Be assured that his is not just any collection. It has been called the finest GM muscle-car collection in the country, and the cars are in showroom condition, meticulously maintained so that any of them can be fired up and driven.

The collection features just about every powerful Corvette ever produced. (Treworgy has no interest in less powerful models and disdains a period in the 1970s when ’Vettes, in his view, were underpowered.)

"These are the best of the best and the baddest of the bad," he says, taking in the view in the massive museum.

Treworgy, now 59, moved to Punta Gorda from Michigan in 1959, graduated from Charlotte High School and completed two years at what is now Edison State College in Charlotte County.

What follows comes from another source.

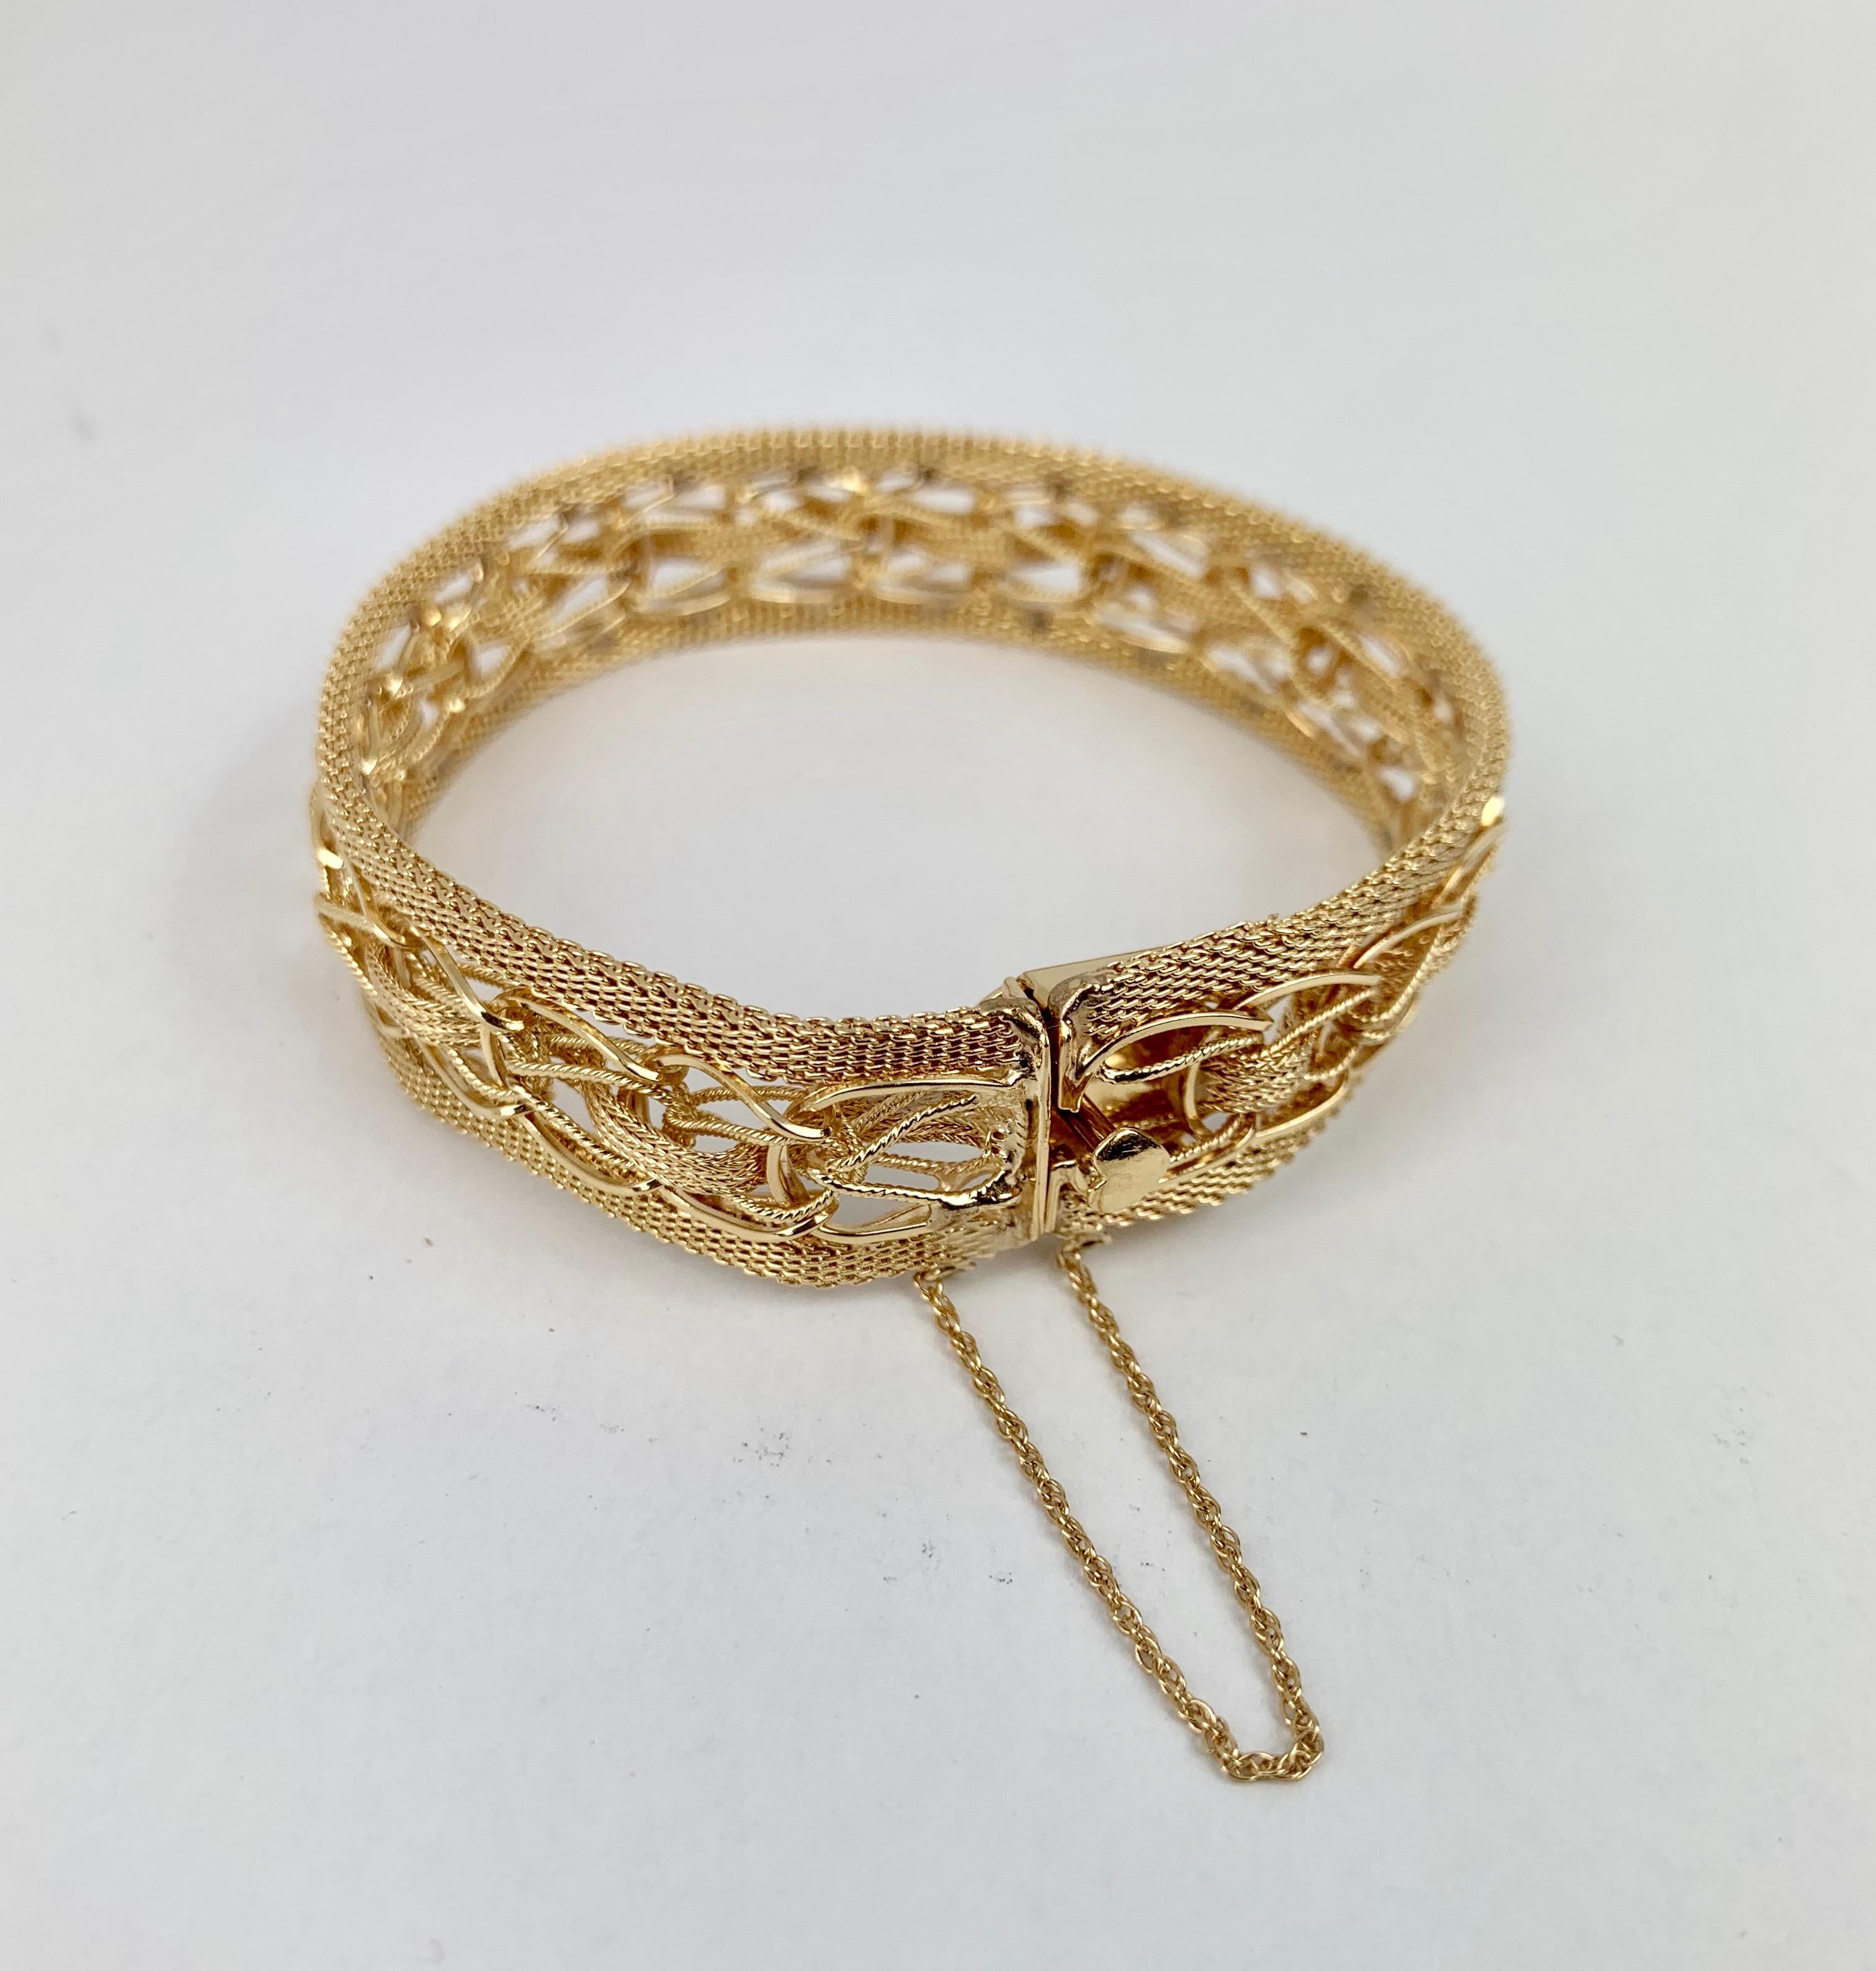 Women's Gold Mesh Bracelet with a Heart Shaped Thumb Latch-14 karat y.g.  For Sale

He began working at age 16 for Bealls and advanced to the men’s buyer position. That’s when he started buying cars, working at night to restore them and sell each for a profit.

At 23, he worked for a while for his father, an International Truck dealer in Charlotte. Next came selling unfinished furniture in Lakeland. That job led Treworgy to open a business finishing furniture, a successful venture he later sold to the owner of the unfinished furniture company. Treworgy returned to Charlotte County, worked in construction and put money into a trailer-sales venture. By the early 1980s, he was successfully branching into ownership of commercial buildings—all the while buying and selling muscle cars he liked.

In the late 1980s, he partnered with Charlotte County developer Bruce Laishley, and the pair began a rocket ride upward. They formed Southwest Florida Land Development company, bought property and leased it as a landfill, bought more property for dirt mining and started the Airport Commerce Center at Charlotte’s airport.

As his fortune increased, Treworgy traveled to collectible car auctions to add to his burgeoning collection of muscle cars.

The collectible-car market today has outperformed the stock market, but collectible vehicles are no longer appreciating, Treworgy notes. Forget about finding bargains, however; most who can afford these expensive rarities are financially prepared to ride out a severe recession. Treworgy will never sell his cars, he proclaims. They are willed to his adult daughter, April, who works beside him at the museum.

The museum floor—almost twice the size of a football field—features green carpet with yellow, center-line striping as walkways. On each side are his cars, including some from the pre-muscle car era. Walls display neon signs, gas pumps and other memorabilia from the 1960s and early ’70s, the years that define the era of Treworgy’s passion. He favors 1963 to 1967 ’Vettes—and Z28 Camaros, Chevelle SS models, SS El Caminos, big-block Impalas, Pontiac GTOs and Oldsmobile 442s.

Not yet open at Muscle Car City are Rick’s Filling Station and the auto-sports-themed restaurant, which will join four other Charlotte restaurants in which Treworgy is a partner. Expect these next year, Treworgy says.

The used-car lot will sell only muscle cars, but none from Treworgy’s collection. The speed shop will be a Charlotte County first, and the ’50s-themed diner at the entrance will have the best hamburgers, cheeseburgers and cheese-steak sandwiches to be found, Treworgy promises, plus homemade ice cream. The 720-space parking lot will host car cruises and rallies.

Admission will be $10 per person, $30 for an annual pass. "I don’t know if this will make a profit," Treworgy says, "but I’ve been able to consolidate my cars in one building, and I’ll now lease out the four [buildings] they had been stored in.

"Plus, I’m buying up residences now that prices are low; they’ll come back. So I’m not worried."